He explained in the complaint that he wants the party to support the candidate the voters pick.

“Plaintiff prays for declaratory relief that Florida’s Republican Party delegates must vote as the Florida Republican electorate decided by way of popular vote during the Florida presidential primary at the Republican National Convention in order to vindicate and preserve the rights of Florida Republican presidential primary voters to cast a meaningful and operative vote and that they must adhere to this popular vote throughout the voting process, no matter how [many] rounds may result.”

Now he’s filed opposition to requests by the defendants to dismiss the action.

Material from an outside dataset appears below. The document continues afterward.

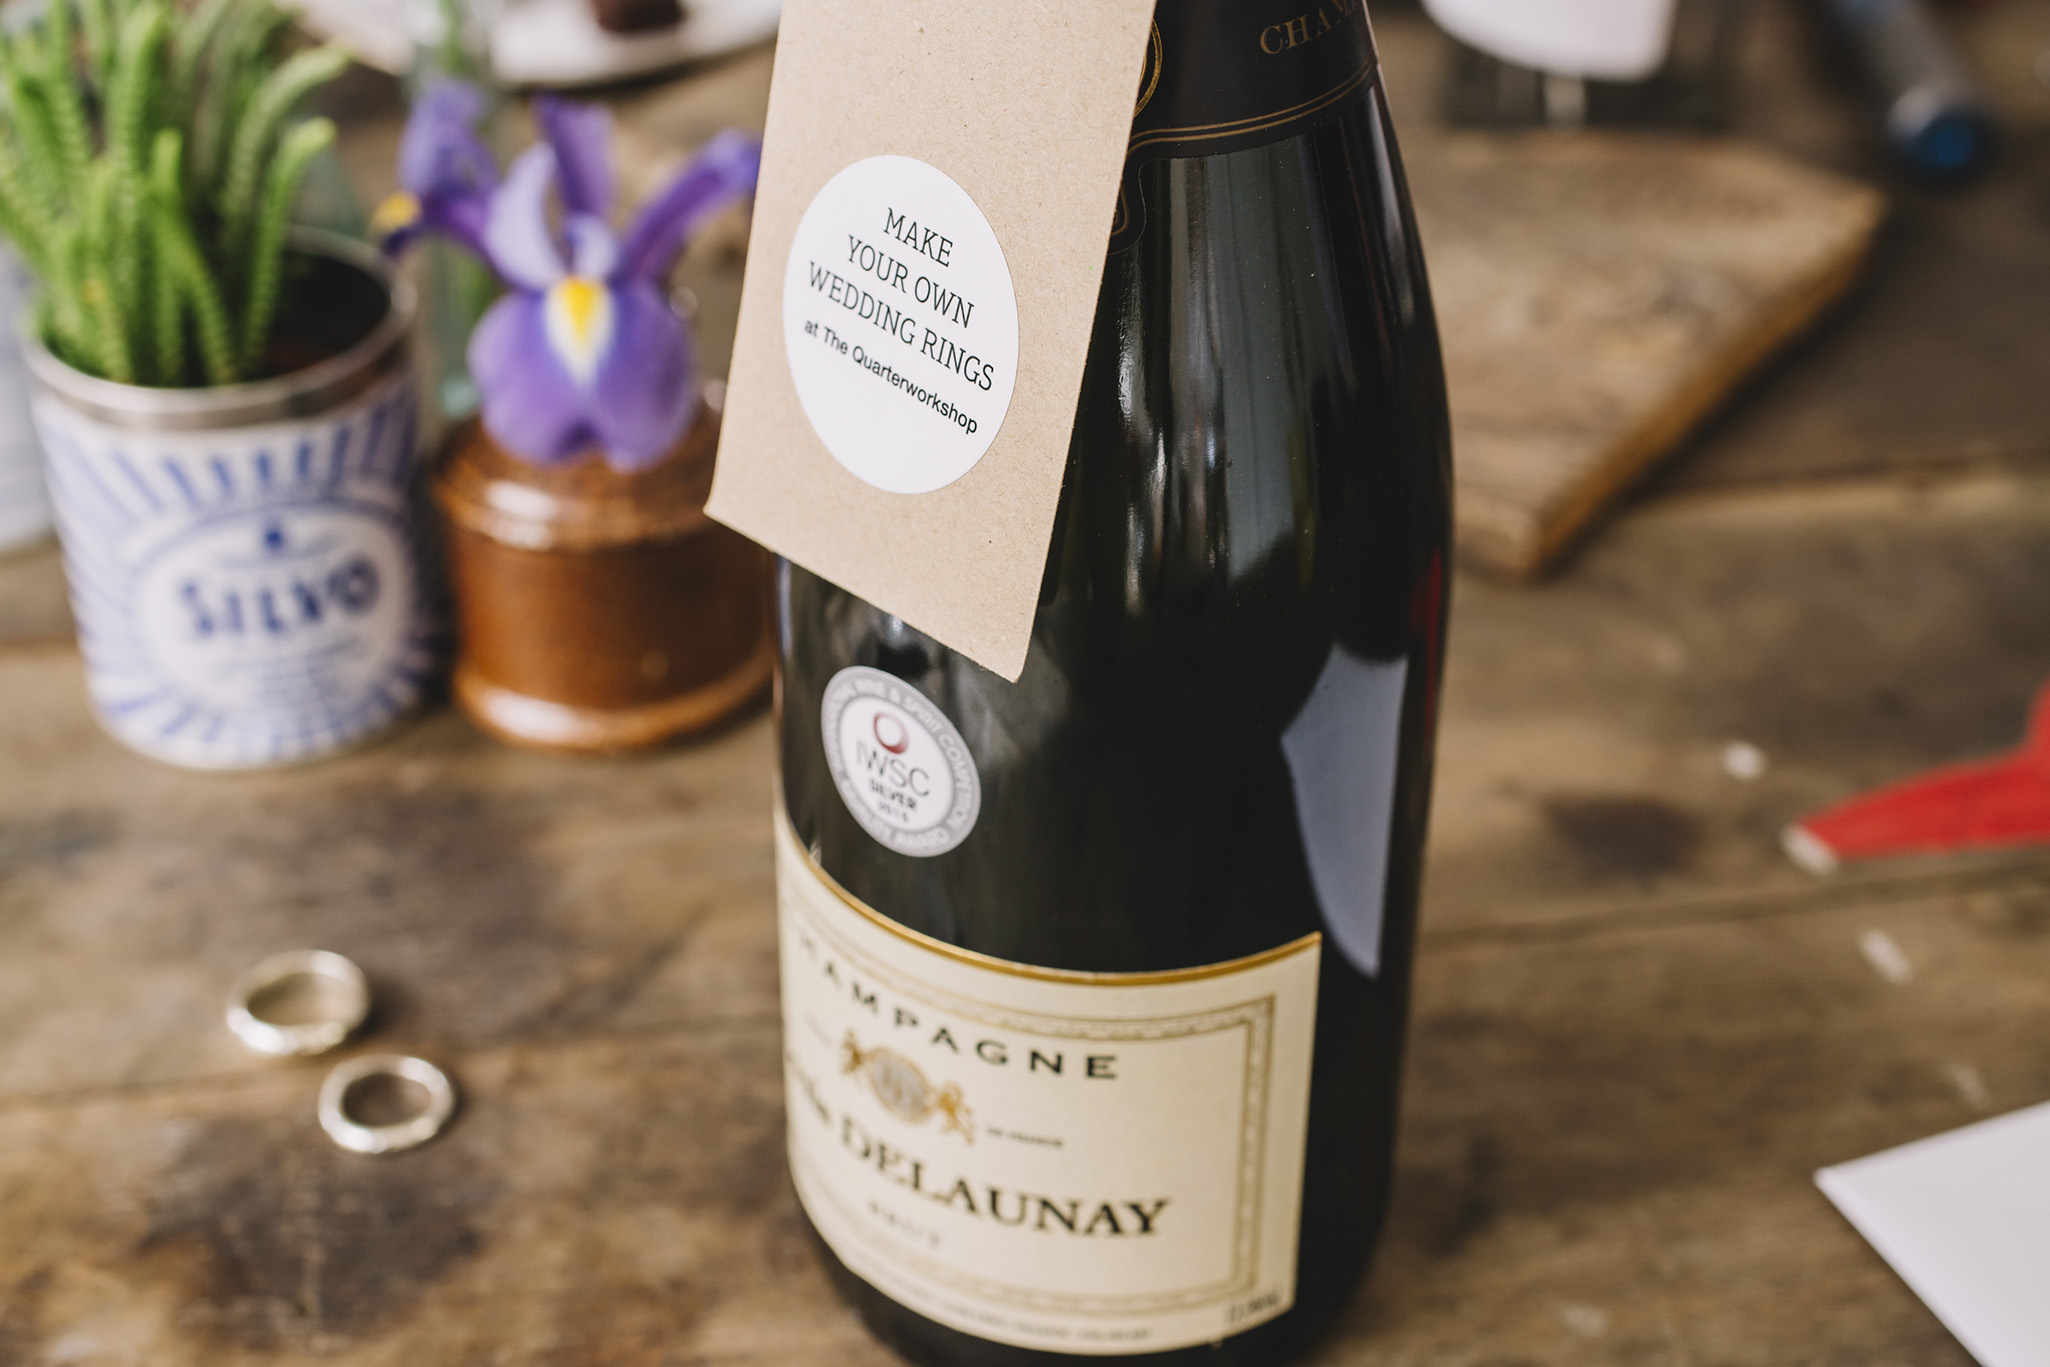 champagne to celebrate making your own wedding rings 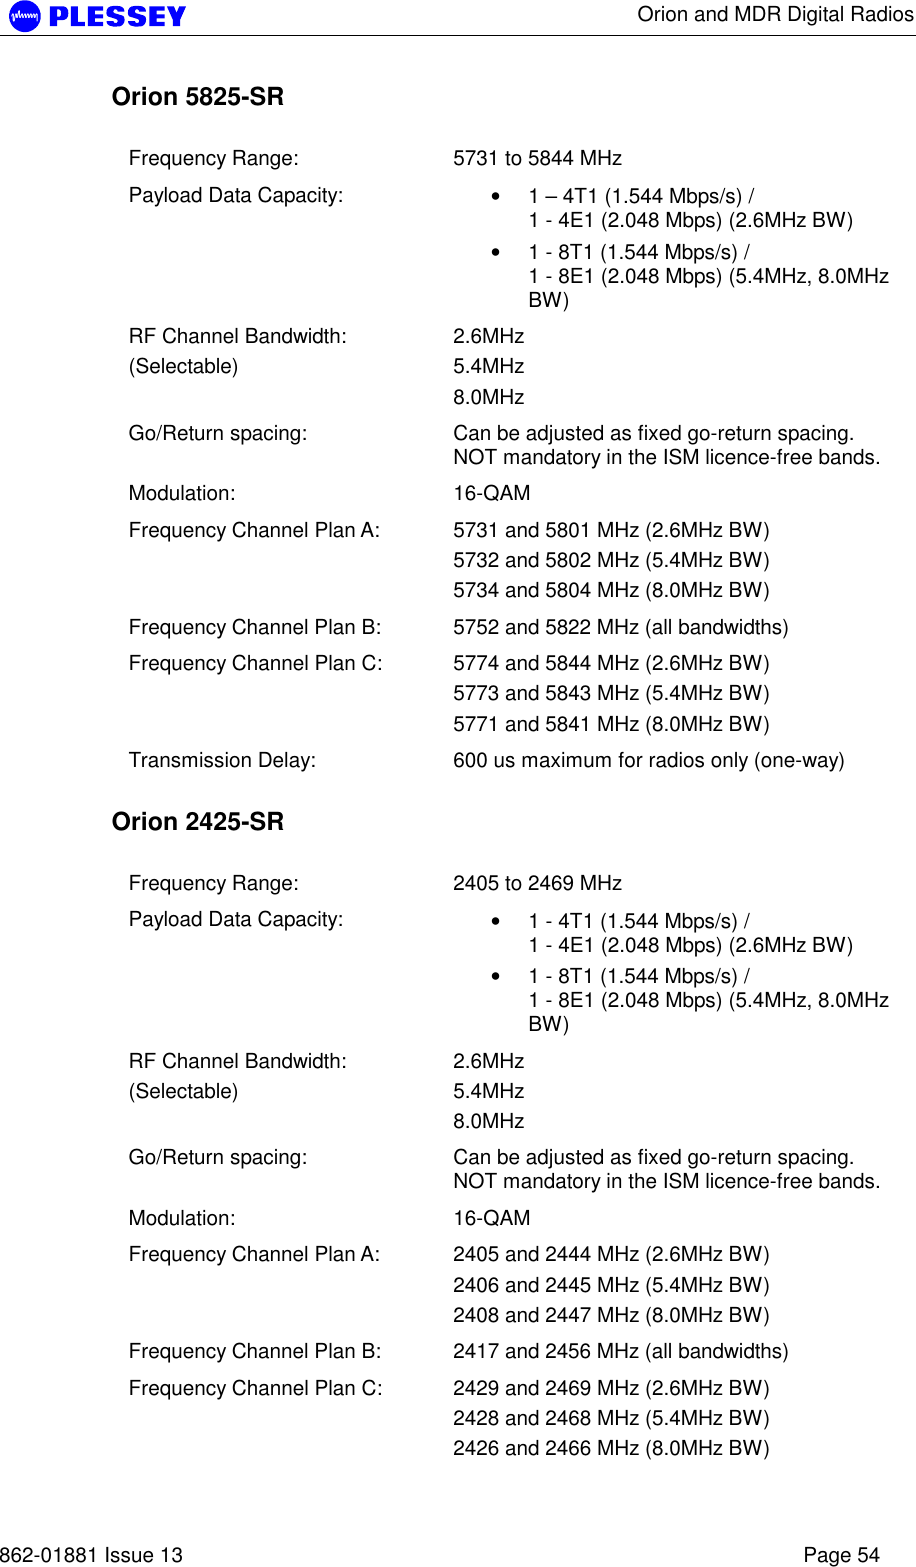      Orion and MDR Digital Radios   862-01881 Issue 13    Page 54 Orion 5825-SR  Frequency Range:  5731 to 5844 MHz Payload Data Capacity:  • 1 – 4T1 (1.544 Mbps/s) /  1 - 4E1 (2.048 Mbps) (2.6MHz BW) • 1 - 8T1 (1.544 Mbps/s) /  1 - 8E1 (2.048 Mbps) (5.4MHz, 8.0MHz BW) RF Channel Bandwidth: (Selectable) 2.6MHz 5.4MHz 8.0MHz Go/Return spacing:  Can be adjusted as fixed go-return spacing. NOT mandatory in the ISM licence-free bands.   Modulation: 16-QAM  Frequency Channel Plan A:  5731 and 5801 MHz (2.6MHz BW) 5732 and 5802 MHz (5.4MHz BW) 5734 and 5804 MHz (8.0MHz BW) Frequency Channel Plan B:  5752 and 5822 MHz (all bandwidths) Frequency Channel Plan C:  5774 and 5844 MHz (2.6MHz BW) 5773 and 5843 MHz (5.4MHz BW) 5771 and 5841 MHz (8.0MHz BW) Transmission Delay:  600 us maximum for radios only (one-way)  Orion 2425-SR  Frequency Range:  2405 to 2469 MHz Payload Data Capacity:  • 1 - 4T1 (1.544 Mbps/s) /  1 - 4E1 (2.048 Mbps) (2.6MHz BW) • 1 - 8T1 (1.544 Mbps/s) /  1 - 8E1 (2.048 Mbps) (5.4MHz, 8.0MHz BW) RF Channel Bandwidth: (Selectable) 2.6MHz 5.4MHz 8.0MHz Go/Return spacing:  Can be adjusted as fixed go-return spacing. NOT mandatory in the ISM licence-free bands.   Modulation: 16-QAM  Frequency Channel Plan A:  2405 and 2444 MHz (2.6MHz BW) 2406 and 2445 MHz (5.4MHz BW) 2408 and 2447 MHz (8.0MHz BW) Frequency Channel Plan B:  2417 and 2456 MHz (all bandwidths) Frequency Channel Plan C:  2429 and 2469 MHz (2.6MHz BW) 2428 and 2468 MHz (5.4MHz BW) 2426 and 2466 MHz (8.0MHz BW)

In response to submissions by the Republican National Committee, its chief Reince Priebus, the Republican National Part of Florida, and officials Blaise Ingoglia and Ken Detzner, Klayman explained he brought the fight “to ensure that he, and his fellow voters who voted in Florida’s Republican Presidential Primary, are afford their fundamental constitutional right to cast a binding vote for the nomination of the presidential candidate of their choice.”…

He wrote, “Instead, the defendants … have threatened to stage what is in effect a coup d’etat at the Republican National Convention to have Florida Republican delegates not vote for the presumptive Republican nominee, Donald Trump, prevent Trump from securing the party’s nomination and substitute the establishment candidate of their choice instead.”…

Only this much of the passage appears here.